If there’s something you’ve always wanted to do, go for it. But if not, don’t overthink it. You can build a business around something you like and believe in, without it being your soul’s purpose. Do your research. Find something with decent margins, low startup costs, and growth potential. You're not marrying it—you’re testing it.
3. Define Success Early (and Write It Down).
You will have highs and lows. Like... months-with-no-sales lows. Define what success looks like for you. Maybe it’s launching. Maybe it’s your first sale. Maybe it’s hitting 5k in 90 days. Whatever makes you say, “Damn, I did it”—name it, write it down, and keep it close. You’ll need it on the days your impostor syndrome is screaming louder than your sale notifications.
4. Stay Flexible.
You’ll love ideas that your audience won’t care about. It happens. If a rose gold jar isn’t landing, but silver’s flying off the shelves, pivot. Don’t lose your vision, but keep your ears open. Feedback is gold, even when it bruises your ego.

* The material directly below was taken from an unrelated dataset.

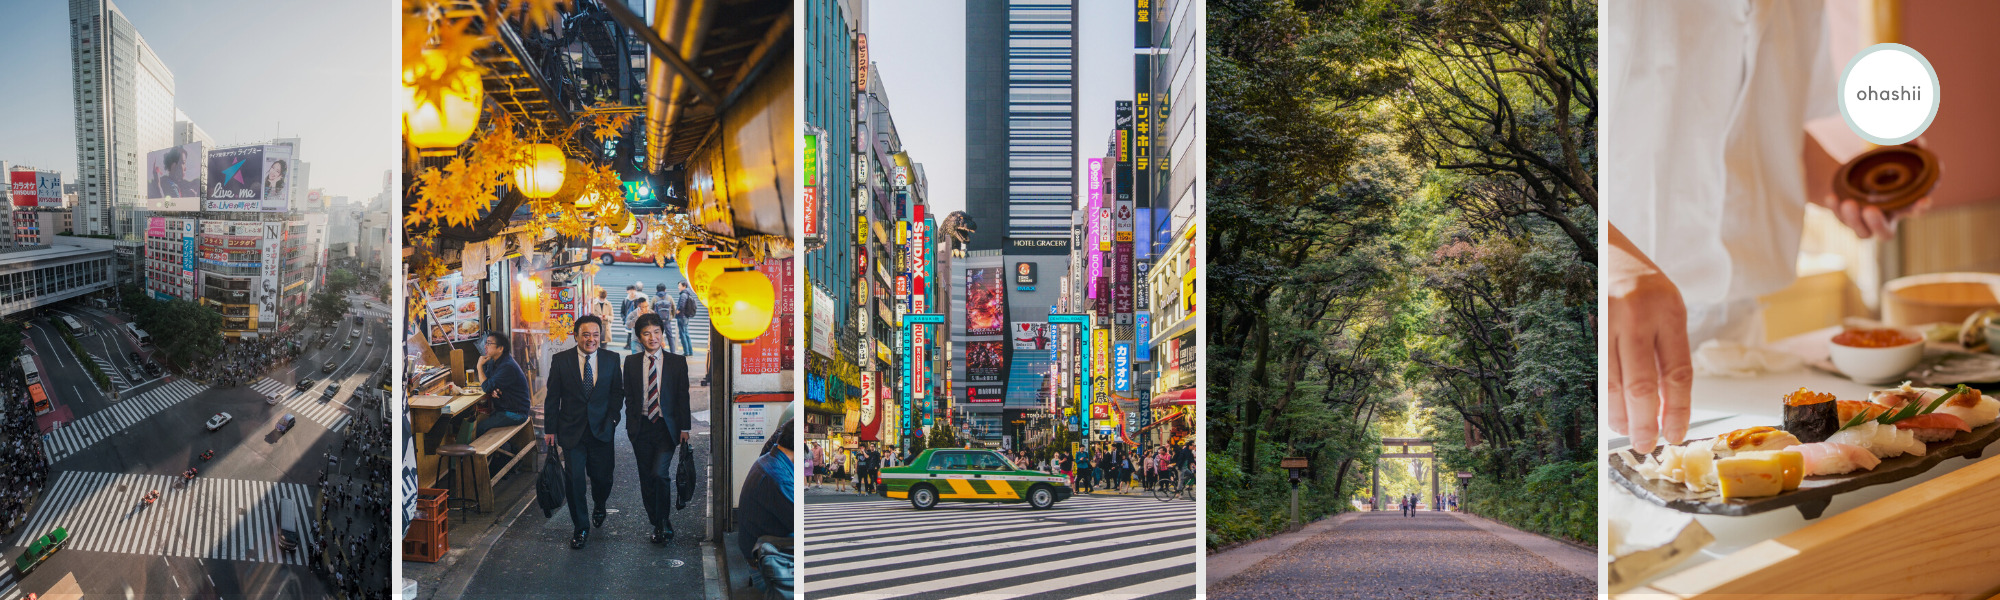 Travel Tokyo Like a Pro: 10 Tips for First-Time Visitors 🗼

5. Know Your Audience (and Don’t Take Everyone’s Advice).
Not everyone’s going to love your stuff. That’s a feature, not a bug. Define your audience clearly—like “Elder millennials who love candles, nostalgia, and unfiltered honesty.” (Hi.) When people give opinions, know whose matter and whose don’t.
6. Do the Heavy Lifting Upfront.
Yes, start. But also—get your house in order. What are your core values? What’s your brand ethos? Why do you exist? This is your foundation. And if your idea feels too big, trim it down. Get focused. Get spicy. Make your POV slap. It needs to be cohesive and make sense to anyone you pitch it to. You can always expand later.
7. Handle the Legal Sh*t.
Websites need privacy policies and terms. You might owe taxes in multiple states. Should you be an LLC, an S-Corp, or stay sole prop? Pay for a consult. The legal stuff isn’t fun, but it’s cheaper than lawsuits and IRS letters.

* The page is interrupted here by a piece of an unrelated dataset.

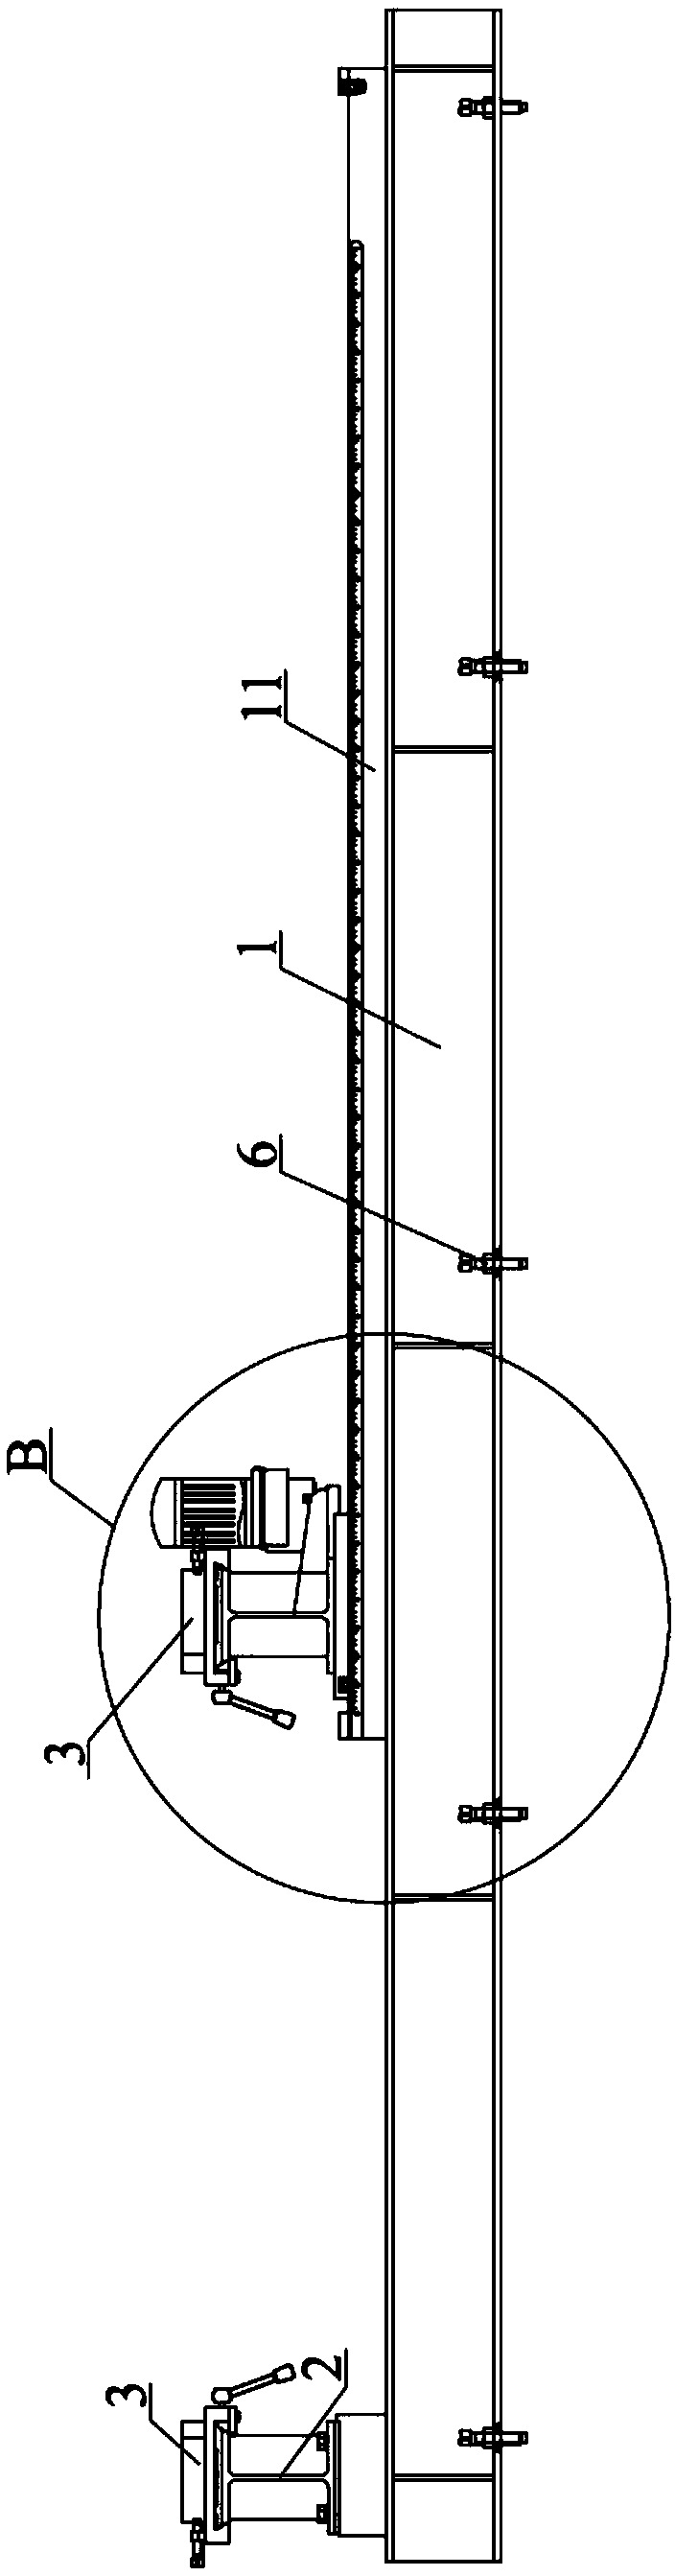 Frame assembly device for double-beam hoist trolley

8. Your Friends & Family Might Not Show Up.
Oof, this one hurts—but it’s true. The people closest to you won’t always be your biggest cheerleaders. Sometimes your best customer is someone you haven’t seen since 8th grade. Don’t take it personally. No one will care about your business as much as you do. Ever. That’s not rude—it’s reality.
9. Learn to Sell (Without Being Super Cringe).

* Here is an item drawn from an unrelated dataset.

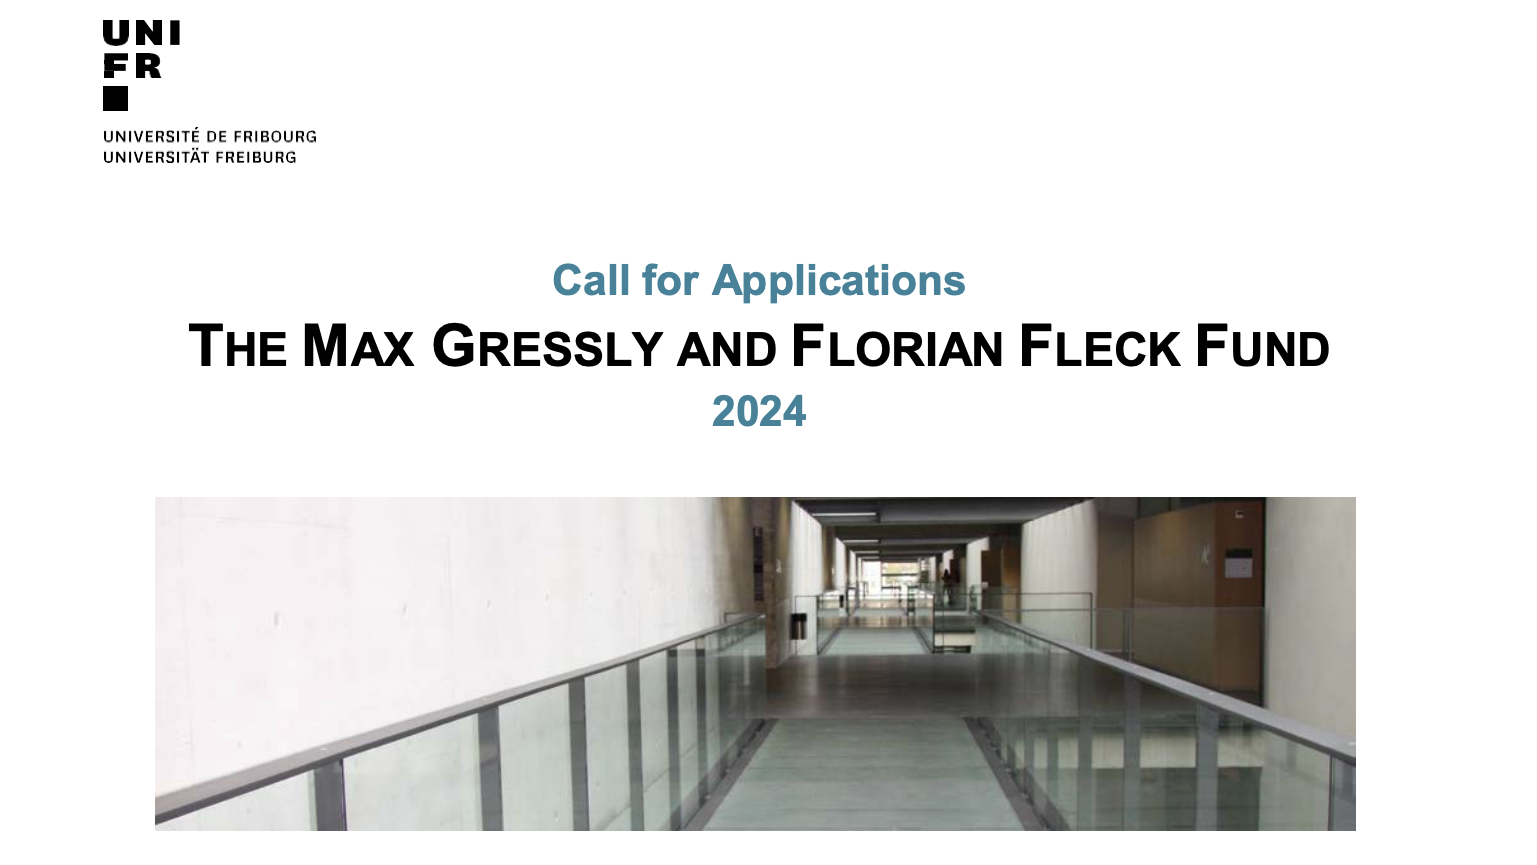 Call for applications – The Max Gressly and Florian Fleck Fund

You’ve gotta shake the trees. People won’t magically know what you’re doing unless you tell them. But here’s the trick—don’t lead with “buy my product.” Lead with what’s in it for them. Think FAB: Feature, Application, Benefit. What is it? What does it do? Why should they care?
10. Build a Business That Fits Your Life.
Want to build an empire? Hell yes. Want something that gives you flexibility and peace? Also valid. You are the architect. Design your business to serve your life, not the other way around. That’s the whole damn point.
Final thought? Start scrappy. Stay curious. Be relentless. And when it gets hard (because it will), light a candle, take a breath, and remember: you’re building something real. And that’s already more than most people dare to do.